I think I am suppose to use (ii) to prove it...but I have no idea how $q^mF_m(q)+F_{m-1}(q)=\prod\limits_{j=1}^m \frac{1}{1-q^j}.$
After reading the Hints given by Mike:
(iii) By (ii), we know $(1-q^m)F_m(q)=F_{m-1}(q) \Rightarrow \frac{F_m(q)}{F_{m-1}(q)}=\frac{1}{1-q^m}$
$\prod\limits_{j=1}^m \frac{1}{1-q^j}=\frac{1}{1-q^1}\frac{1}{1-q^2}...\frac{1}{1-q^m}=\frac{F_1(q)}{F_{0}(q)}\frac{F_2(q)}{F_{1}(q)}...\frac{F_m(q)}{F_{m-1}(q)}=\frac{F_m(q)}{F_0(q)}=\sum\limits_{n=0}^\infty\pi_m(n)q^n$
as desire.
By abuse of notation, I'm also going to denote $\pi_m(n)$ also as the set of partitions of $n$ into parts at most $m$.
Hint for (i): Seperate $\pi_m(n)$ into two sets: those partitions that have $m$ as a part, and those partitions whose parts are all strictly less than $m$. The two sets on the right are the partitions of $n-m$ into parts at most $m$ and the partitions of $n$ into parts at most $m-1$. Do you see a bijection between each pair of sets?

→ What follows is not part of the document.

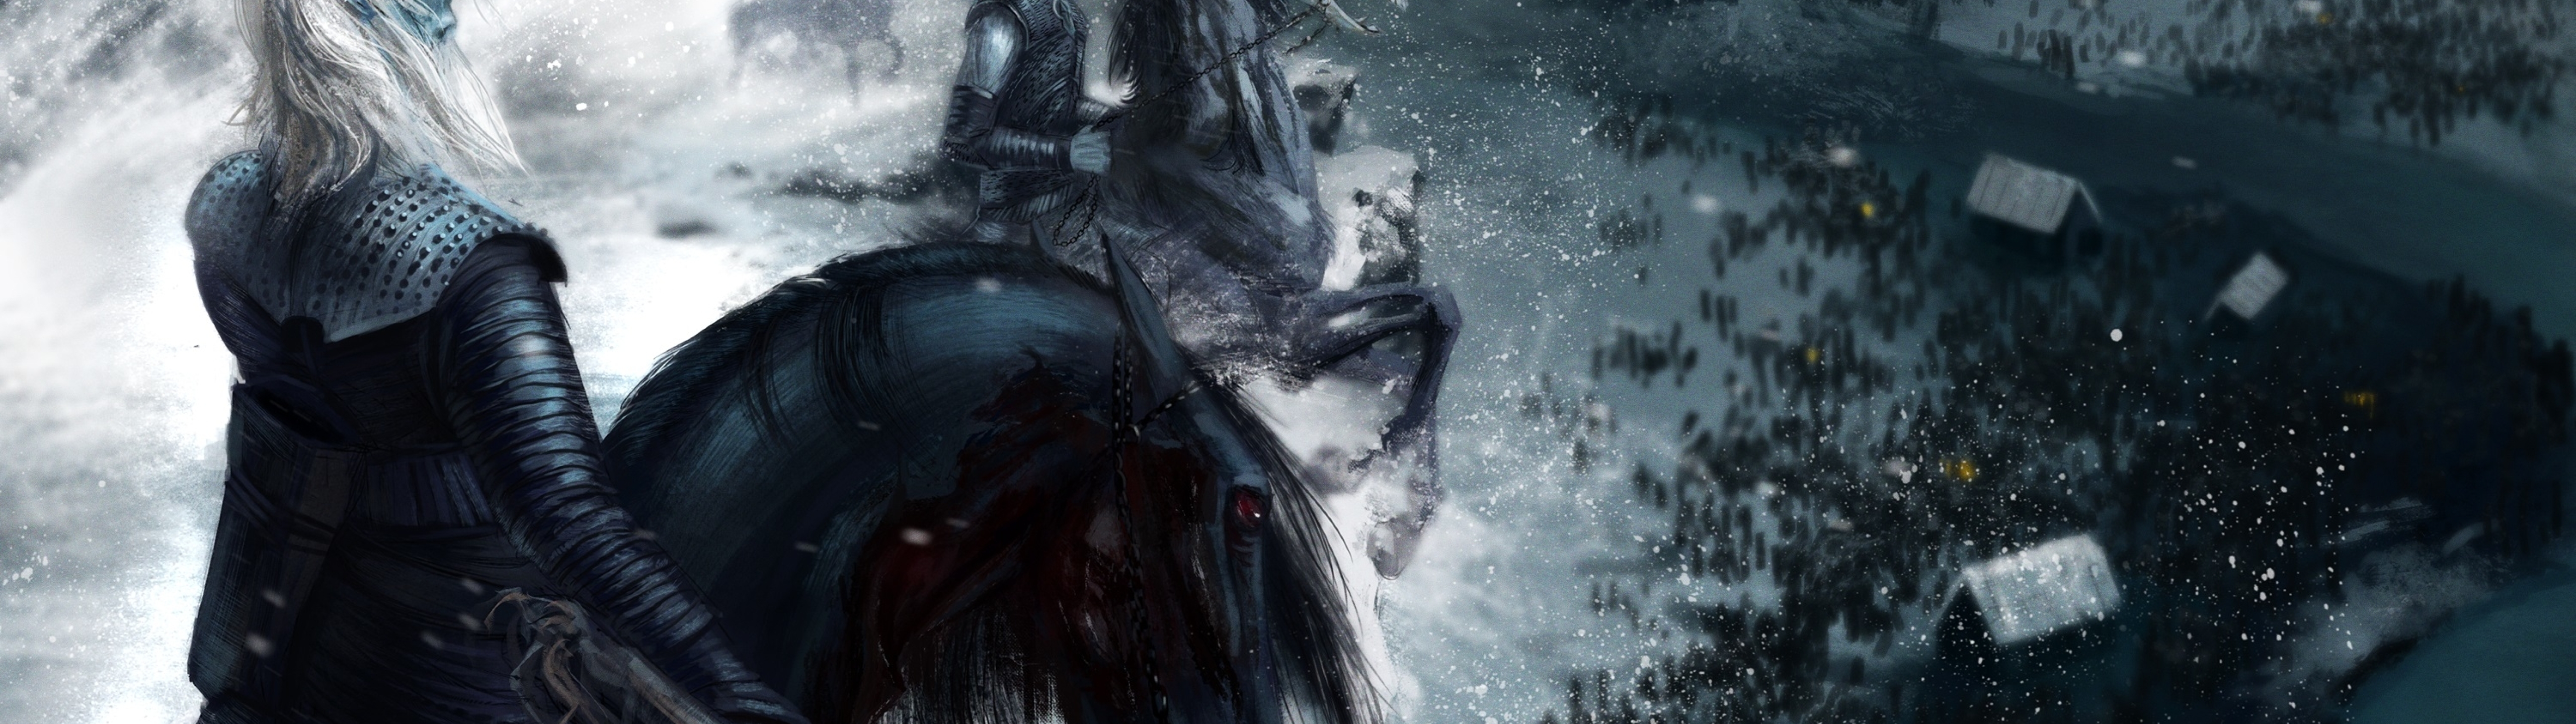 5120x1440 Game Of Thrones White Walker Artwork 5120x1440 Resolution  Wallpaper, HD Movies 4K Wallpapers, Images, Photos and Background -  Wallpapers Den

(ii) You're working too hard (and in your attempted proof, you added infinitely many positive numbers, so your function would diverge). $$F_m(q)=\sum_{n=0}^\infty \pi_m(n) q^n = \sum_{n=0}^\infty \pi_{m-1}(n)q^{n} + \sum_{n=0}^\infty \pi_m(n-m)q^{n}$$ As you noted, the first $m$ terms vanish from the second sum. Re-indexing, we have $$F_m(q) = \sum_{n=0}^\infty \pi_{m-1}(n)q^n + \sum_{n=0}^\infty \pi_m(n)q^{n+m} = F_{m-1}(q) + q^m\sum_{n=0}^\infty \pi_m(n)q^{n}$$ $$= F_{m-1}(q) + q^mF_m(q)$$
Hint for (iii) Use induction, and rewrite (ii) as $(1-q^m)F_m(q) = F_{m-1}(q)$